Johnson, who always loves to be loved and hates telling the public bad news, was notably coy about the kind of thing that this could mean. But within an hour of the press conference ending, we found out perhaps why he was so coy and once more it was the scientists on the case. The bombshell minutes from the September 21 meeting of SAGE [the Scientific Advisory Group on Emergencies] exposed that the PM had simply not taken their advice on tougher curbs.
The day before Johnson’s last big statement – his new 10pm pub curfew – SAGE had advised the “immediate introduction” of a list of measures, including: a “circuit breaker”; a ban on households mixing, closure of pubs, restaurants, hairdressers; work from home; and all university teaching to be online only. He only went ahead with the work from home U-turn, plus the curfew which we now learn the scientists assessed was “likely to have a marginal impact”.

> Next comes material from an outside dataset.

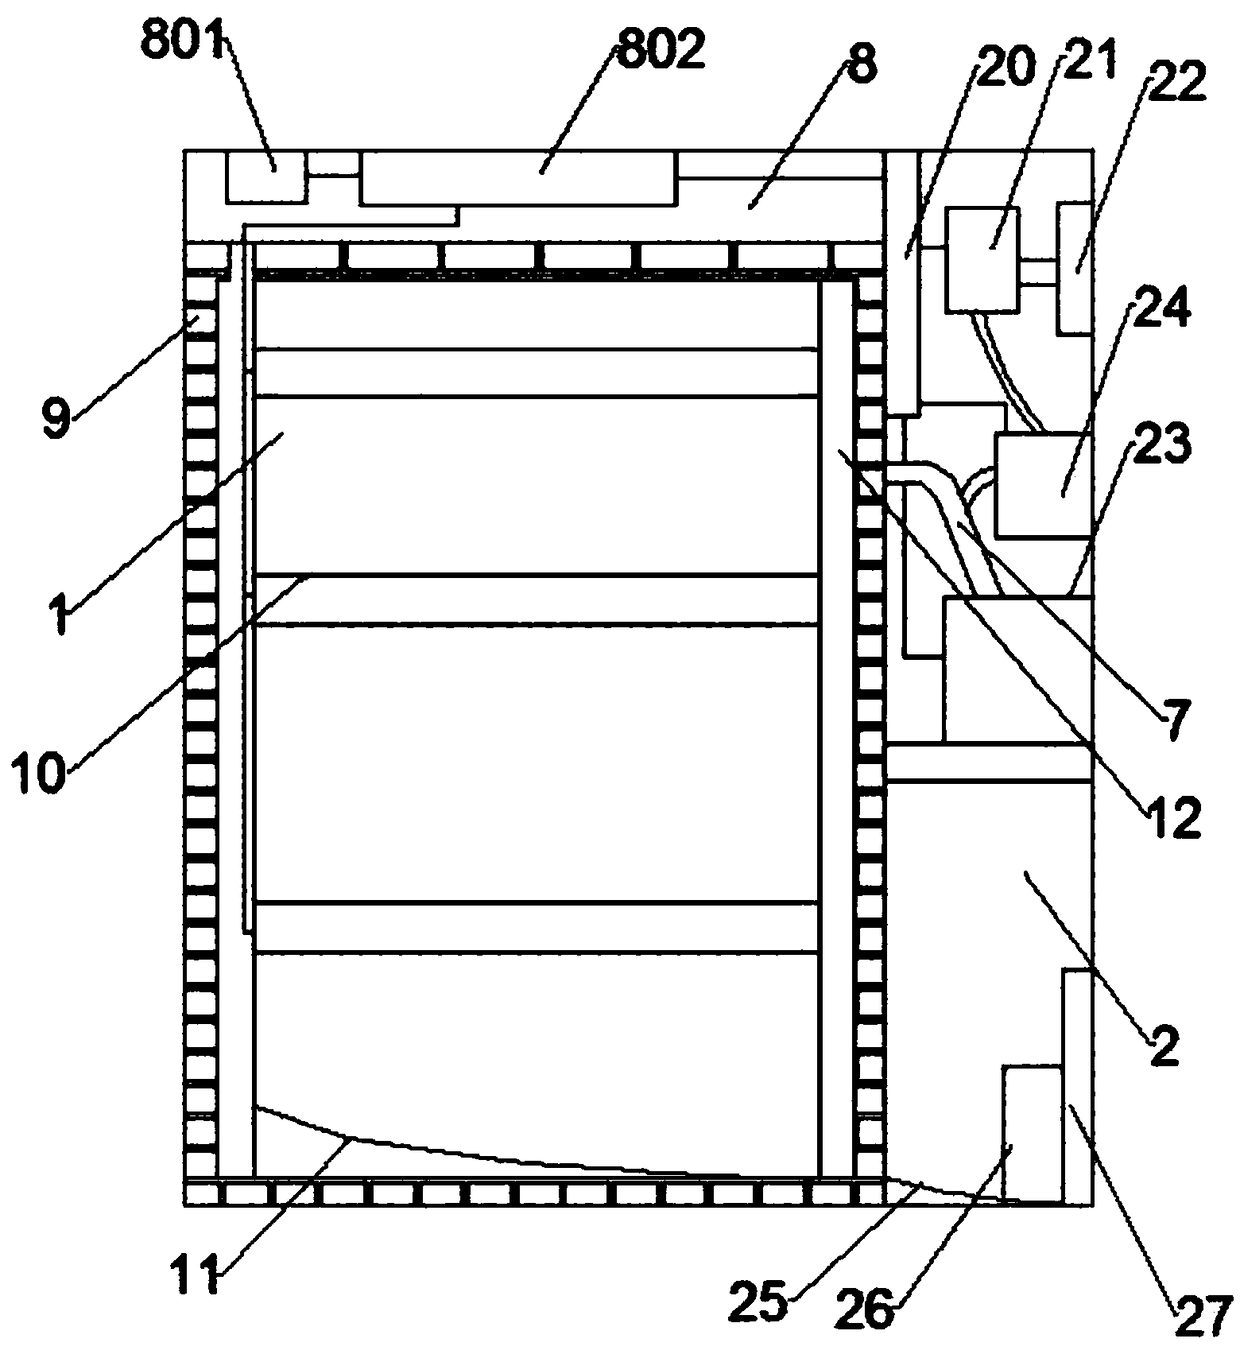 Working method of switch cabinet with self-cleaning function

Of course, it’s worth remembering that the PM and Cummings felt the scientists got things wrong at the start of the pandemic (not advising on a swifter lockdown), so perhaps we shouldn’t be surprised they now want to weight up economic advice as much as medical advice on any new restrictions.
But maybe Johnson should finally level with the public that he really has disregarded some key scientific advice. When challenged today on the claim that his summer desire to lift lockdown was driven by London at the North West’s expense, he said he didn’t accept that at all. Yet he did offer this defence: “We took measures on a national basis then, at every stage, and on the basis of the scientific advice…”
Tonight, that defence looks as leaky as a that of a conference league football team with a butter-fingered goalkeeper. Whether or when relegation beckons is another question entirely.